Activity among friends of friends is substantially associated with a user's likelihood of liking a post.

A machine-rendered reading of the paper's core claim, the machinery that carries it, and where it could break.

This paper examines how direct and indirect social influence affects the probability that a user likes a post in an online social network. It establishes that activity at graph distances one and two from the user plays a central role, with the effect at distance two remaining even without any active direct neighbors. This points to indirect influence pathways operating through the network. The analysis also finds that the number of connected components among active friends predicts liking, while effects do not extend to distance three or beyond. These findings matter because they suggest that influence in social media can propagate through second-order connections in ways that simpler direct-tie models would miss.

Core claim

The study shows that the probability a user likes a post is most strongly associated with the presence of active nodes at distances one and two in the friendship network. The association with second-order activity persists in the absence of active direct neighbors, which is consistent with indirect influence. Nodes at distance three or more show no significant association. The number of connected components among active friends is also a significant predictor of liking behavior, supporting the structural diversity hypothesis.

What carries the argument

Graph distance to active nodes and the number of connected components in the active friends subgraph, which together capture direct, indirect, and structural aspects of network influence on liking.

If this is right

  • If the associations reflect influence, then liking can spread indirectly up to two steps away.
  • Multiple disconnected groups of active friends increase the chance of liking compared to a single connected group.
  • Influence mechanisms appear limited to local network neighborhoods of radius two.
  • Node-level attributes like degree and gender have smaller effects than local activity patterns.

Where Pith is reading between the lines

These are editorial extensions of the paper, not claims the author makes directly.

  • Platform designs that surface content from second-order neighbors could increase engagement more than focusing only on direct friends.
  • Similar distance-limited effects might be testable in other behaviors such as commenting or sharing.
  • Models of information diffusion should incorporate second-order terms for accuracy.

Load-bearing premise

The statistical links between activity at distances one and two and liking behavior are due to causal social influence mechanisms rather than homophily, selection, or unobserved confounders.

What would settle it

An experiment that randomly exposes users to different levels of second-order activity while holding direct activity and other factors constant, and checks if the liking probability changes accordingly.

read the original abstract

The present study investigates direct and indirect social contagion mechanisms in an online social network environment.
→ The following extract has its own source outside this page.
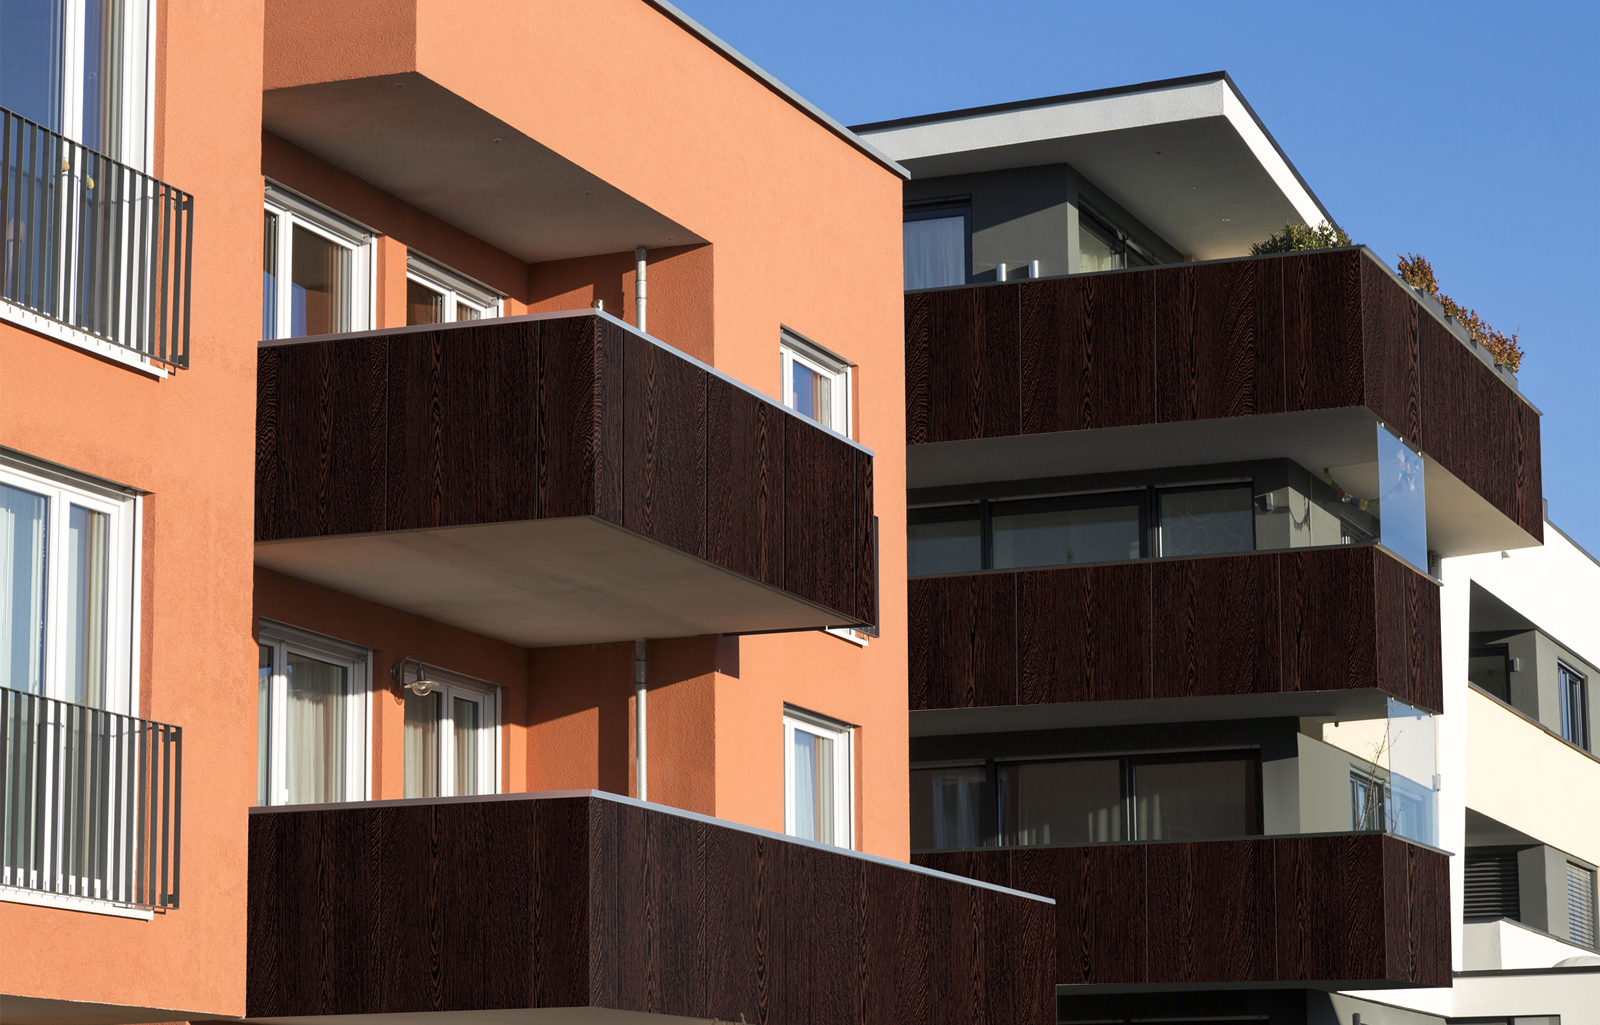 9102 Innate Wenge (SUD) exterior wall cladding in India

Using a large-scale dataset comprising approximately 290,000 users from the VKontakte platform, we examine the factors associated with the probability that a user likes a post. Our analysis shows that, while demographic and structural characteristics of individual nodes, such as gender and degree, contribute to the observed dynamics, the strongest associations arise from activity in the user's local network. In particular, active nodes (users who have already liked the post) at distances d = 1 and d = 2 play a central role in shaping liking behavior. We find a substantial association between second-order activity and liking probability, which persists even in the absence of active direct neighbors and is consistent with indirect influence pathways in the network. No significant association is detected for nodes at distance three or beyond. The results also support the structural diversity hypothesis: the number of connected components among active friends is a significant predictor of liking.

Editorial analysis

A structured set of objections, weighed in public.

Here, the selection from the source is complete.